All work
Airbnb Market Analysis
2023·Sole engineer·shipped

Airbnb Market Analysis

A comprehensive machine learning and analytics project on Airbnb listing data. Built 6 ML models across regression, classification, and clustering tasks with 30+ engineered features to predict pricing and occupancy, then surfaced findings in dynamic Tableau dashboards.

Problem

Airbnb listing data is rich but noisy.
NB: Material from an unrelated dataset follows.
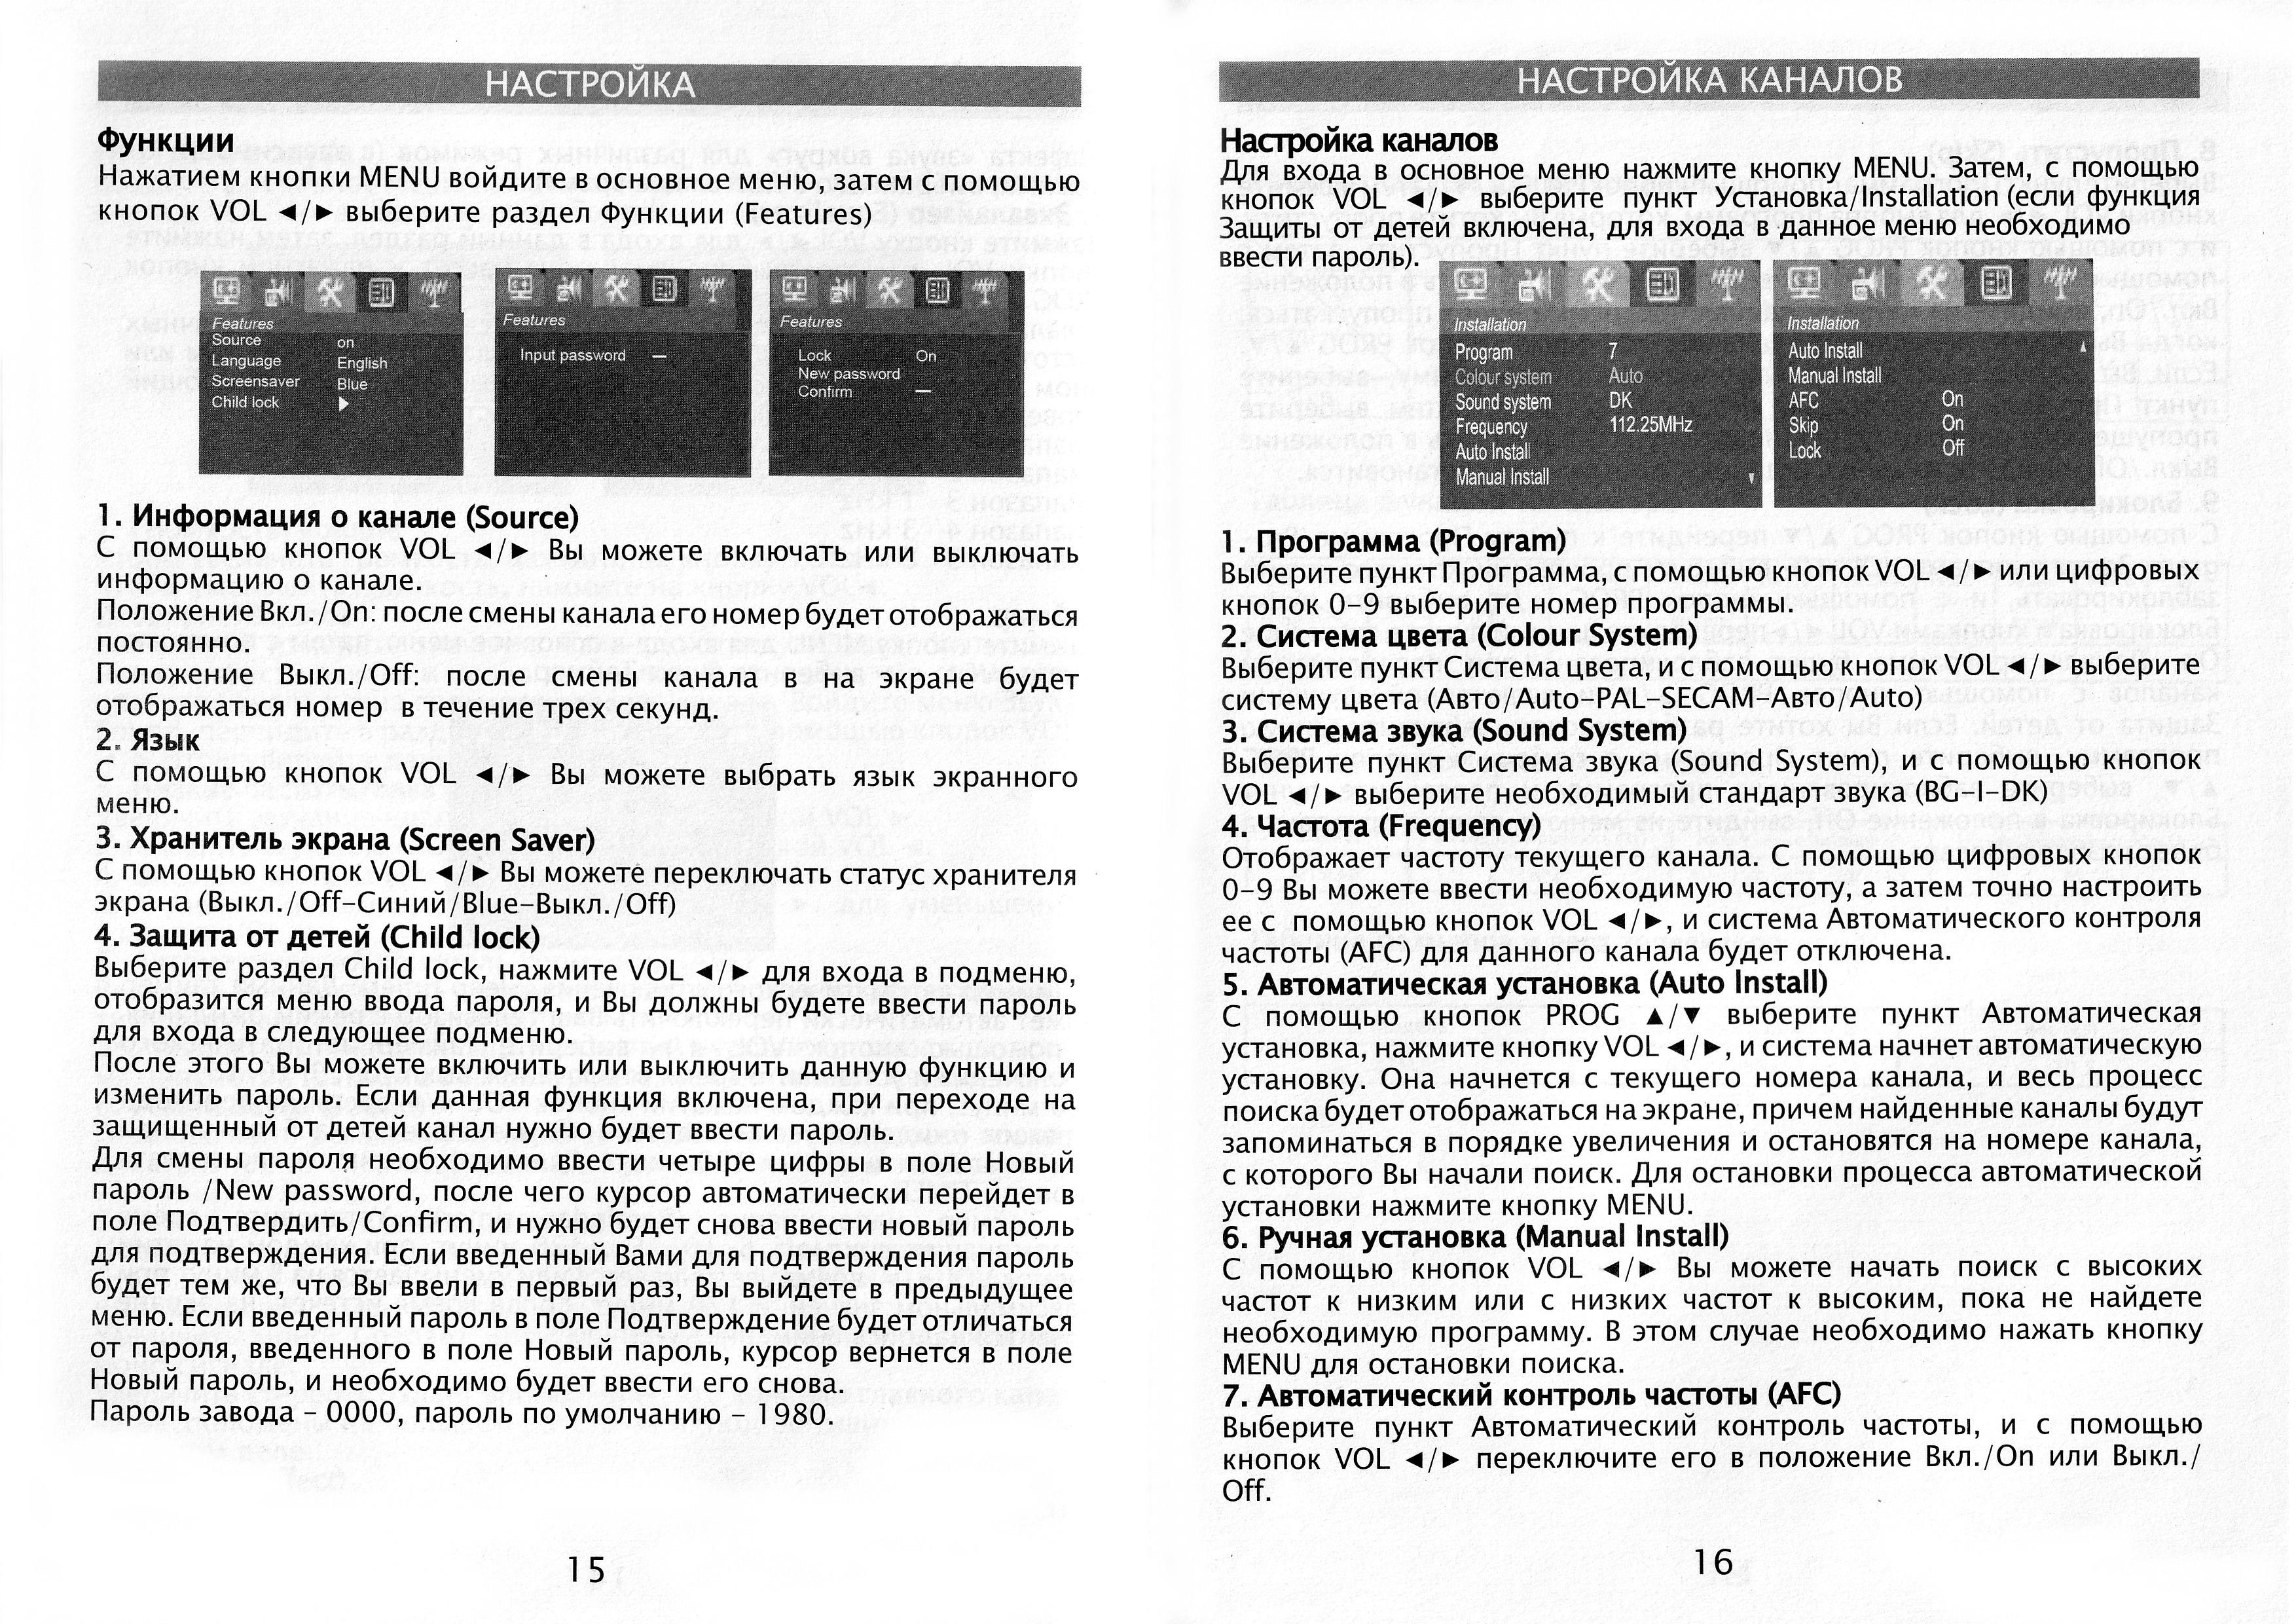 инструкция телевизора sharp lc 32d44ru bk

Price prediction requires understanding location, amenities, reviews, host attributes, and seasonality simultaneously. Without proper feature engineering and model selection, pricing guidance is unreliable.

Solution

Python/SQL pipeline cleaned and engineered 30+ features from raw listing data. Six ML models — linear regression, random forest, gradient boosting, k-means clustering, logistic classification, and a neural baseline — were trained and compared. Snowflake stored the modeled dataset. Tableau dashboards presented findings interactively.

Architecture

Data prep

SQL and Python pipeline cleaned Airbnb data, handled missing values, encoded categorical features, and engineered 30+ derived features (price per amenity, distance to center, review velocity).

Modeling

6 models: linear regression, random forest, gradient boosting for price/occupancy prediction; k-means for neighborhood clustering; logistic classification for high-demand labeling.

Warehouse

Snowflake stored raw, cleaned, and feature-engineered datasets. SQL views fed the Tableau dashboards directly.

Visualization

Dynamic Tableau dashboards: pricing heatmaps, occupancy forecasts by neighborhood, model performance comparisons, and feature importance charts.

Highlights

  • 6 ML models across regression, classification, and clustering tasks.
  • 30+ engineered features capturing location, amenities, reviews, and seasonality.
  • Snowflake warehouse with SQL views feeding Tableau directly.
  • Dynamic Tableau dashboards with pricing heatmaps and occupancy forecasts.
  • R statistical analysis for model validation and residual diagnostics.